I found it interesting that they decided to call it quits so soon; in Indiana,
of all places, for rationalizing the lack of ability to catch up on average
speed. (On this particular attempt) Indiana isn't very far at all from the
border of NY state.

The Northeast has extreme population density, slower posted speed limits, etc.
It seems to me that after completing that initial leg of the journey, they
could easily catch up for lost time going across the more-or-less desolate
midwest, even given their slower than desired avg MPH start.

So they technically completed only 635 miles of the trip (2795-2160). . . a
mere 22.7 percent of the total miles to be traveled. I think if it were me,
I'd wait until at least the halfway point before calculating averages and
deciding whether or not to throw in the towel of defeat.
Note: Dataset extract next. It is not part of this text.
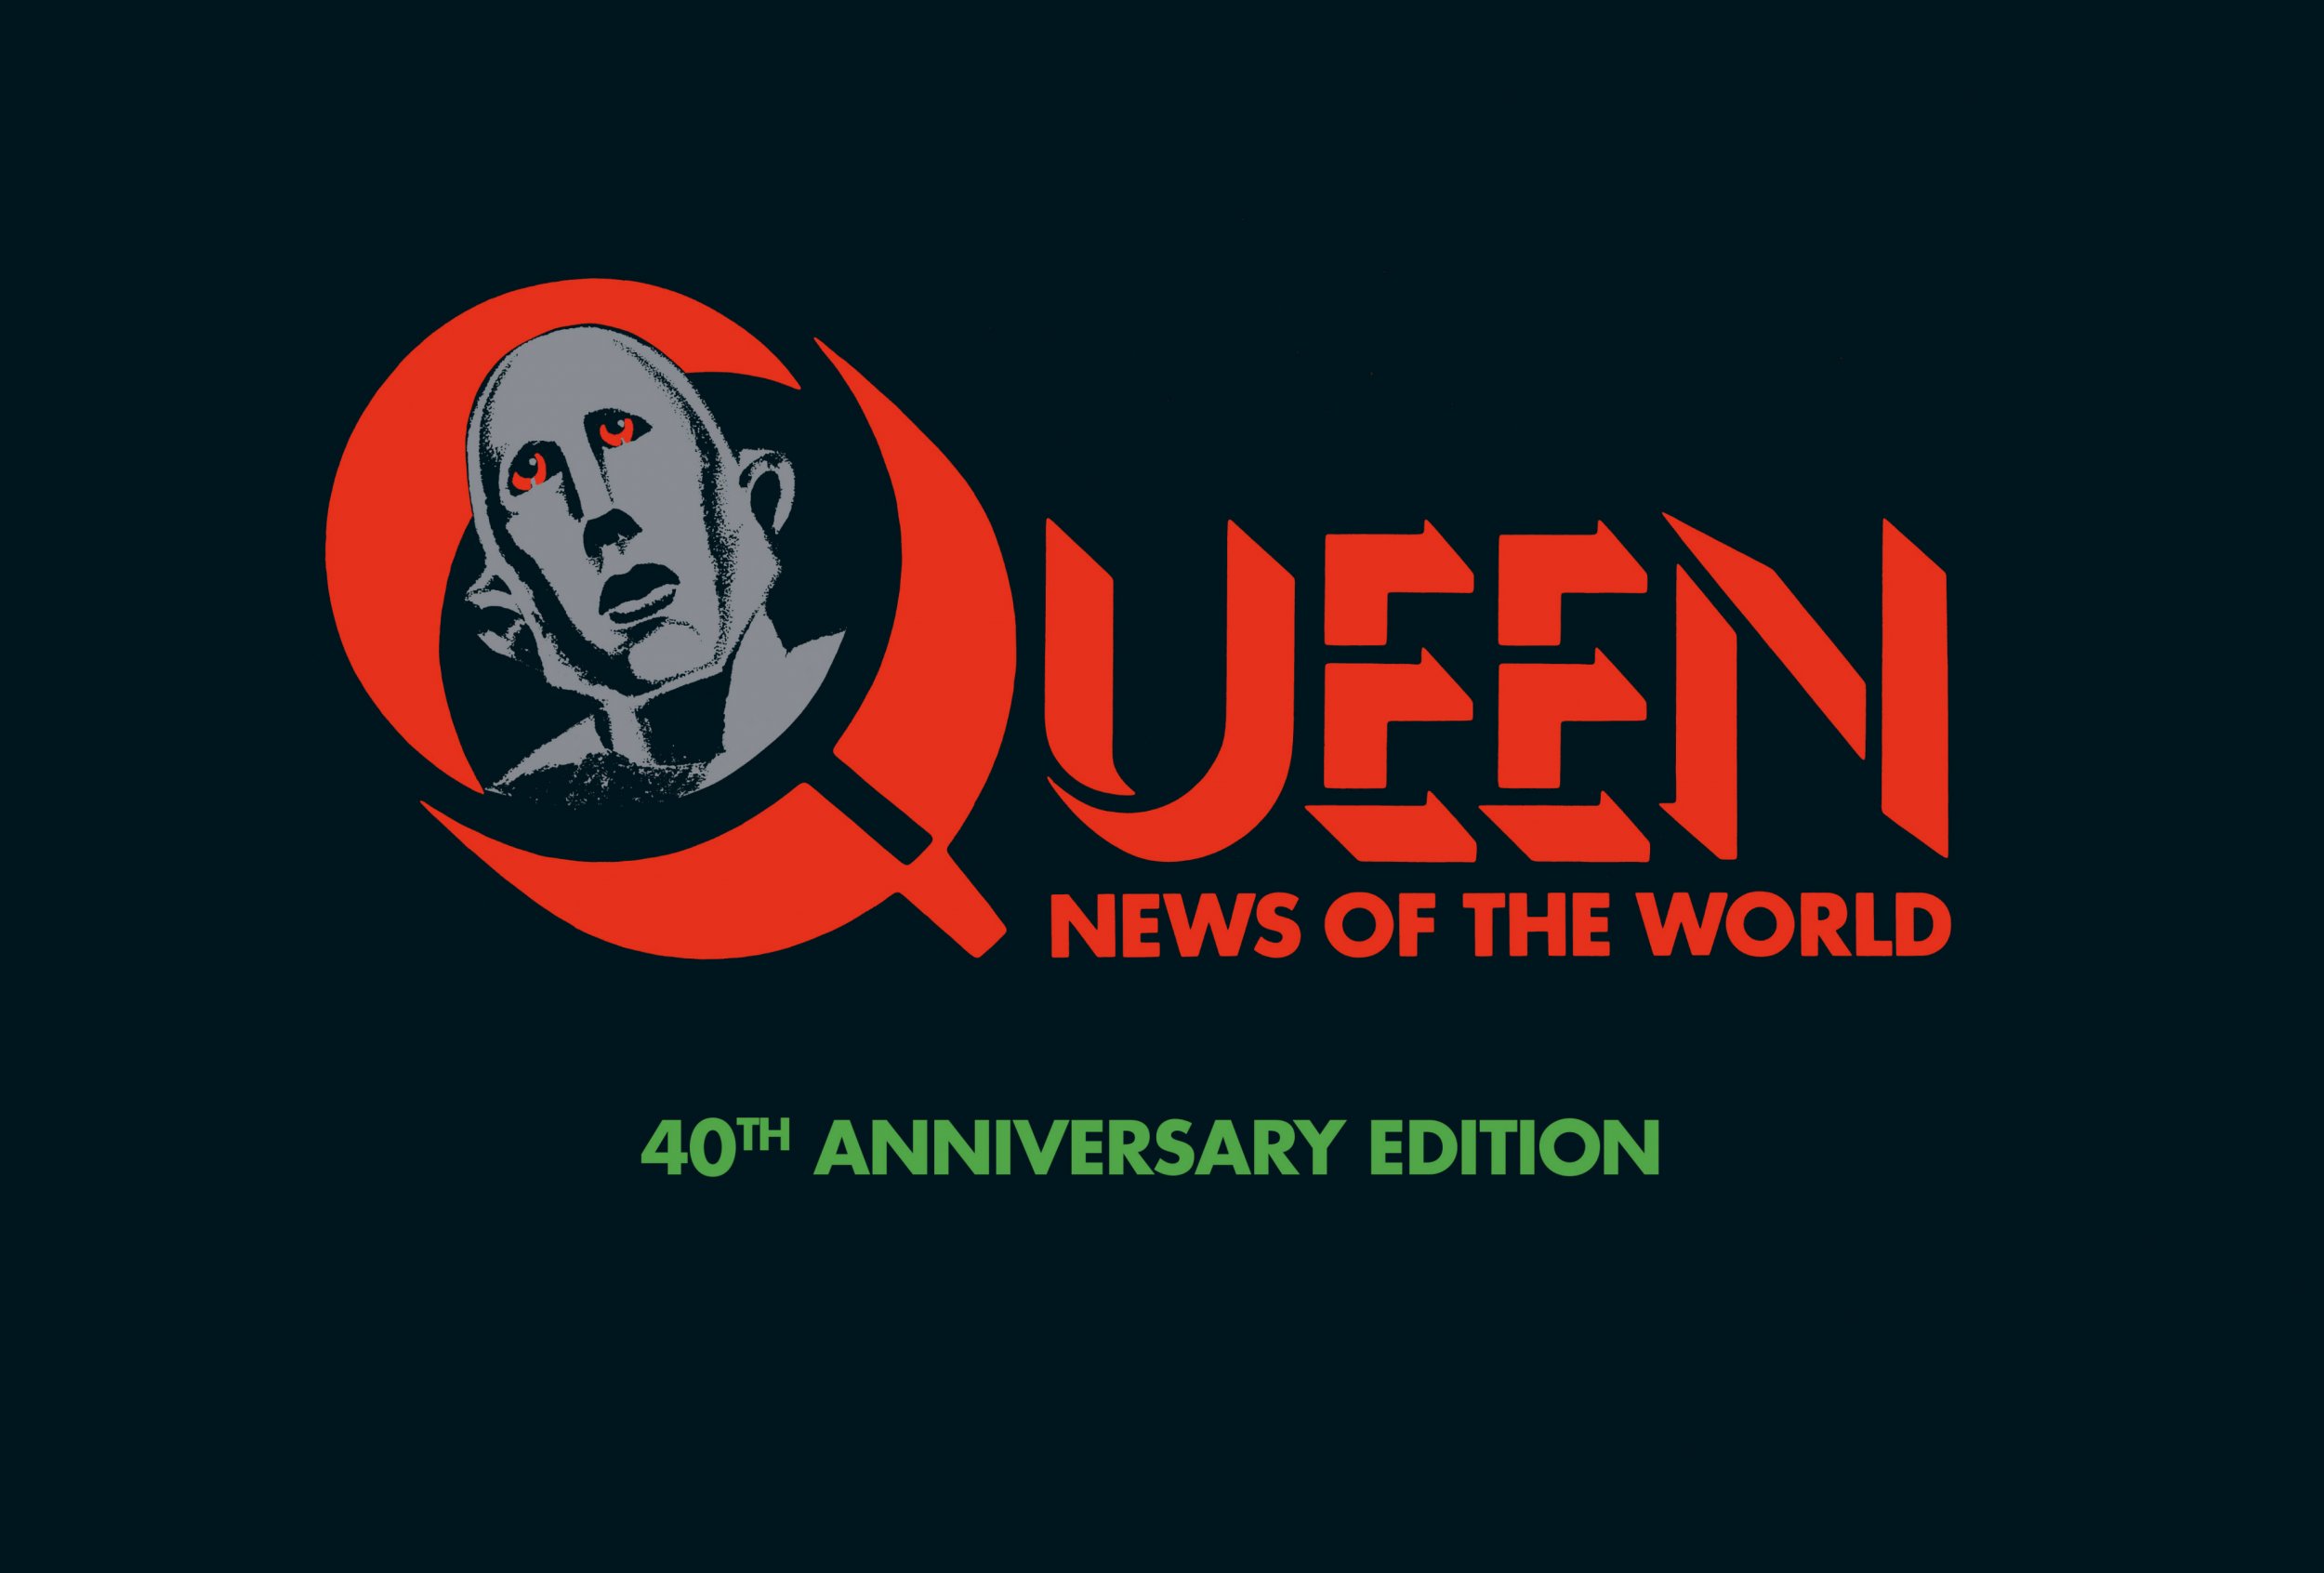 Queen - News of the World 40th anniversary

I definitely think that if there were anywhere to make up for lost time, it
would definitely be across parts of the midwest.

------
ivankirigin
Thats some gear list:

Randolph highway patrol sunglasses, 20-gallon reserve fuel tank, Tasco 8 x 40
binoculars fitted with a Kenyon KS-2 gyro stabilizer, military spec Steiner 7
x 50 binoculars, Hummer H1-style bumper-mounted L-3 Raytheon NightDriver
thermal camera and LCD dashboard screens, front-and-rear-mounted sensors for a
Valentine One radar/laser detector, flush bumper-mount Blinder M40 laser
jammers, redundant Garmin StreetPilot 2650 GPS units, preprogrammed Uniden
police radio scanners, ceiling-mount Uniden CB radio with high-gain whip
antenna. Check. Check. Check.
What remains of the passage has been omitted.